Tri-North middle schoolers protest dress code in last weeks of school

Region Filler

The girls at Tri-North Middle School had been fed up with the dress code for a while.

Shoulders had to be covered, shorts had to reach to the end of the fingertips and no excessively baggy clothes were allowed.

Less than a month before the end of the school year, one girl was “dress coded” for showing her shoulders while wearing a dress.

According to two female students at Tri-North, she was forced to sign a copy of the school’s dress code as a sort of contract.

“That was the last straw,” Erelyn Layden, an eighth grader at Tri-North said.

A group of eighth grade girls rallied around the cause and chose to protest what they considered sexist rules on the part of the school.

On the second to last Monday of the academic year, May 15, about 15 girls wore white shirts with the words “Not a distraction” written on the front.

Some of the shirts had additional phrases written on the back such as “I’m worth more than the length of my shorts.”

But the protest wasn’t enough.

Since every girl in the group is in eighth grade, they decided to do something for the next class before they all move on to high school.

After the protest, the girls set up a meeting with the guidance counselor about the school’s dress code policies.

With only two weeks of school left, the y were going to work on drafting a new dress code.

One that the Tri-North students find more fair and can be implemented long after the girls graduate.

The main changes include altering the no shoulder showing policy to requiring just one strap.

Shorts will no longer have to reach the end of the fingertips but will just have to cover the entire backside, eighth-grader Roxy Henry said.

Henry said some of the major changes she wanted to see from the dress code was getting rid of subjective language like “excessively”. Students aren’t permitted to wear excessively 
baggy clothing, but Henry said rules like that are up to the discretion of each teacher.

This could mean different enforcement for everyone.

In addition, Henry said they want more clearly defined rules on how teachers can and cannot enforce the dress code.

“When the dress code was being enforced it could be embarrassing because girls could get called out or pulled aside and it was very humiliating,” she said.

The group is working on revising the dress code with the guidance counselors.

Once they are finished, it will be submitted to the principal for review and approval.

There are also plans to have it presented to the school board in the hopes of spreading it to all 
schools in the Monroe County Community School Corporation, not just Tri-North.

But the girls have now finished middle school and will be moving on to high school.

Henry and Layden both said they were planning to continue to follow through on their plan even after they’ve moved on from Tri-North.

They added that many girls in the group plan to do the same.
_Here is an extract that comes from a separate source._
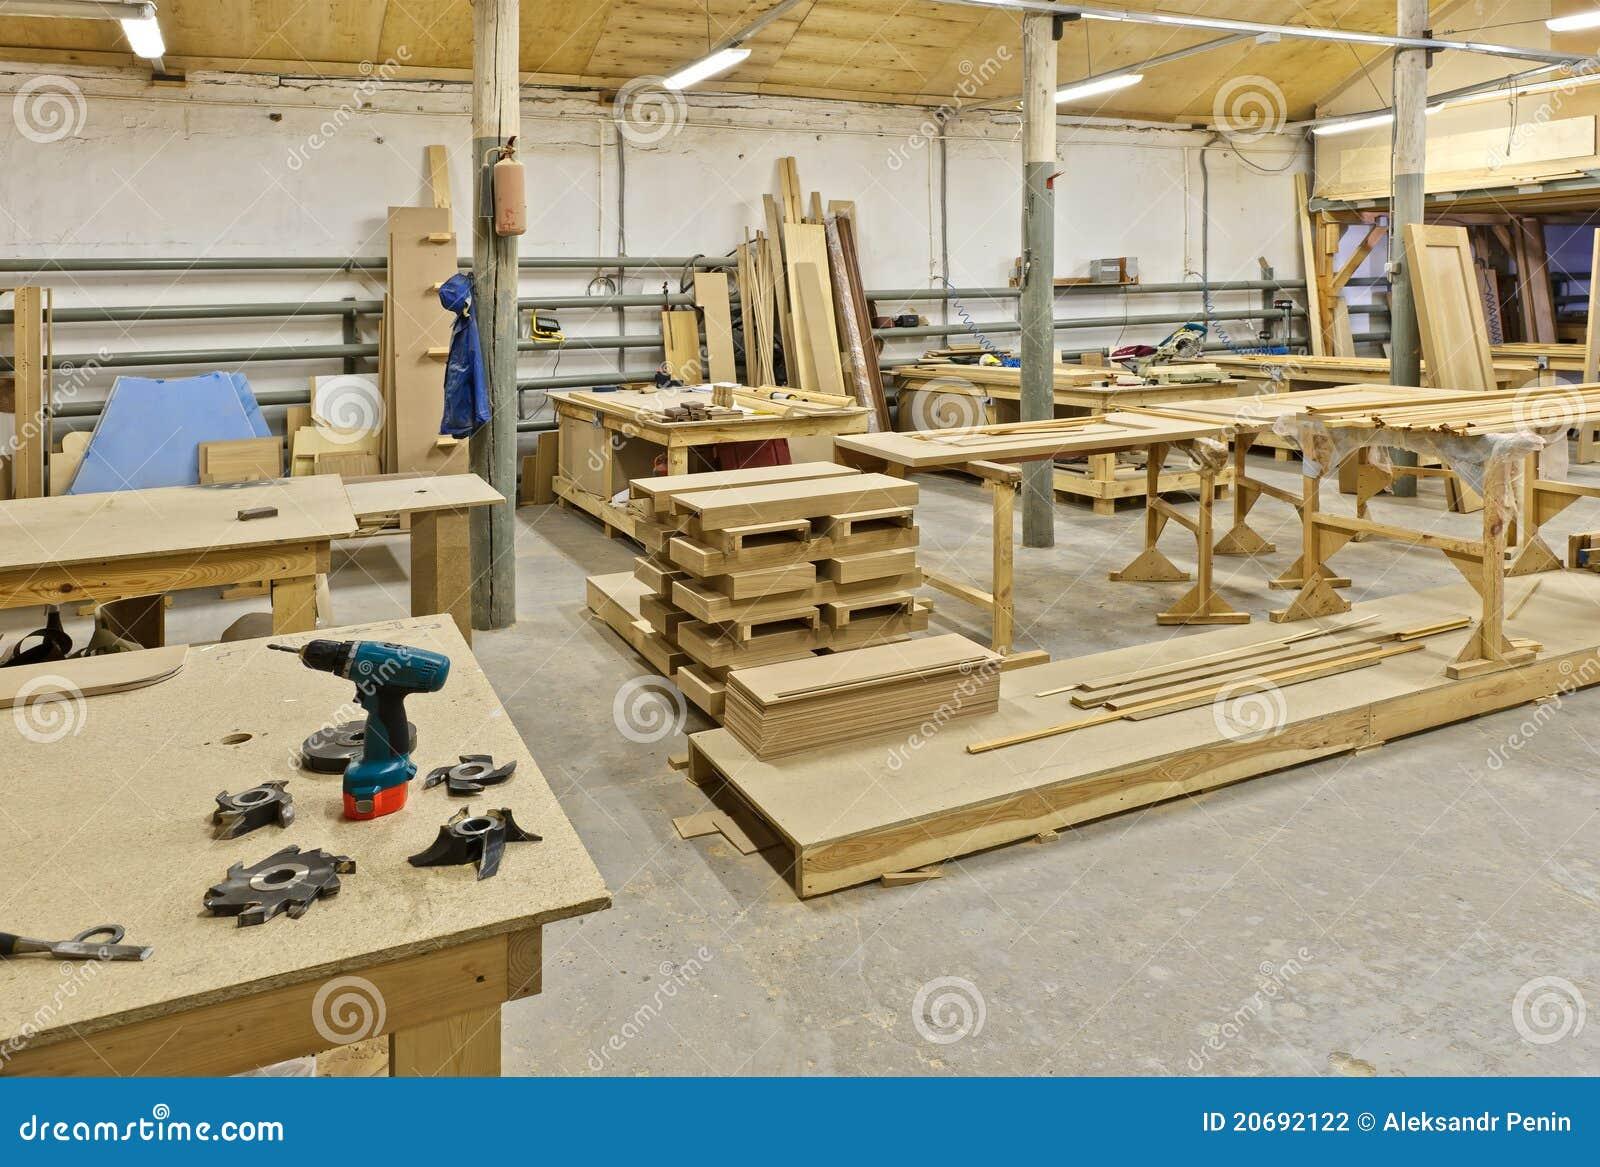 Una planta para la fabricaci n de los muebles foto de for Fabricacion de bares de madera
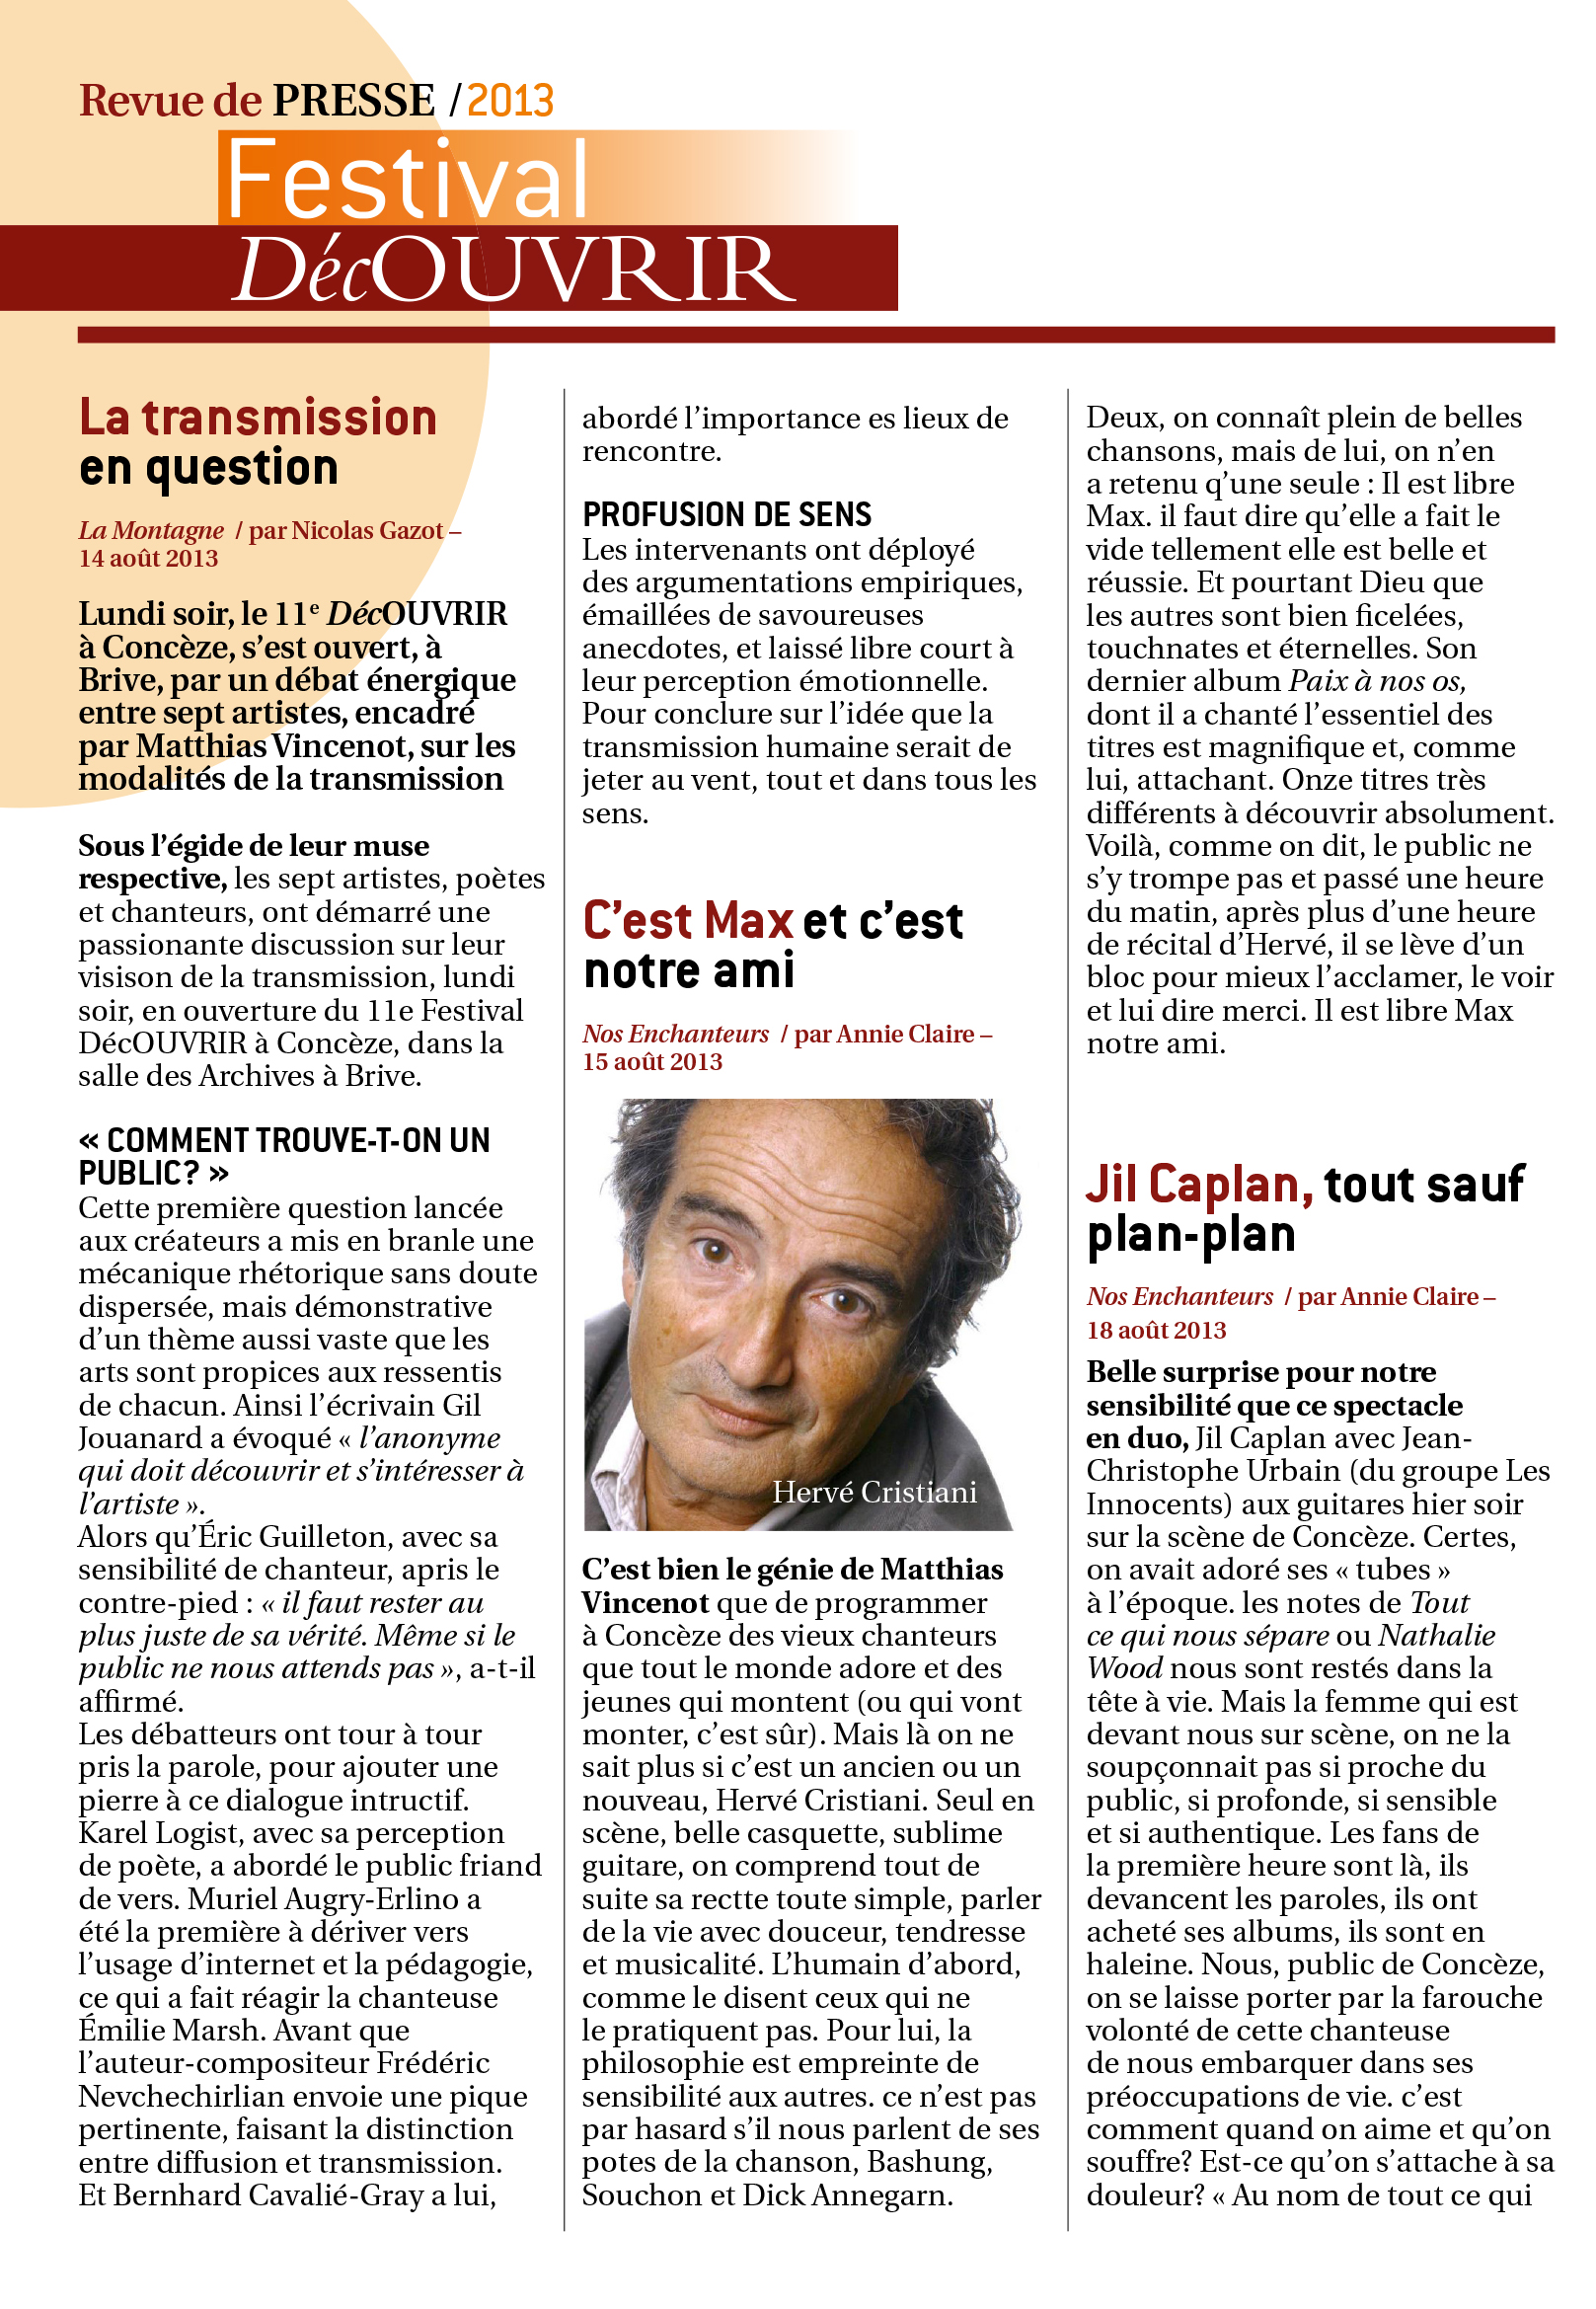 Revue de Presse FDC 2013-2

“I am worried about moving on and losing our progress, but we’ve had a lot of support from seventh graders that are also concerned about the dress code,” Henry said. “We don’t want to abandon this issue when we move on.”

Roxy’s father, Chama Henry, said he was impressed by the girls’ motives.

They want to change the policy for the students that come after them. Instead of focusing on themselves, they are looking for long-term change, he said.

Chama said he found out about the protest about a week before they did it.

Roxy approached him and asked what he thought about it and whether he would be mad if she got in trouble.

He told her that he would support her and to go ahead and do what she felt was necessary.

“She hasn’t had an opportunity in the past, but she’s hit a point in her life where she has opinions and wants to make them known,” Chama said. “I feel like at their age they can’t vote yet, there’s certain things they can’t do, but when they have the opportunity to voice their opinions they’re going to go for it. They’re going to take an opportunity to change the world that way.”

Roxy said that is one of the things she learned 
most and wants others to learn from the experience and hearing about the 
protest.

She said young people have a voice and want to change things they find unfair or discriminatory.

“We want change,” she said. “We have that power too as long as we are united together to change what concerns us in our schools and our communities and our lives.”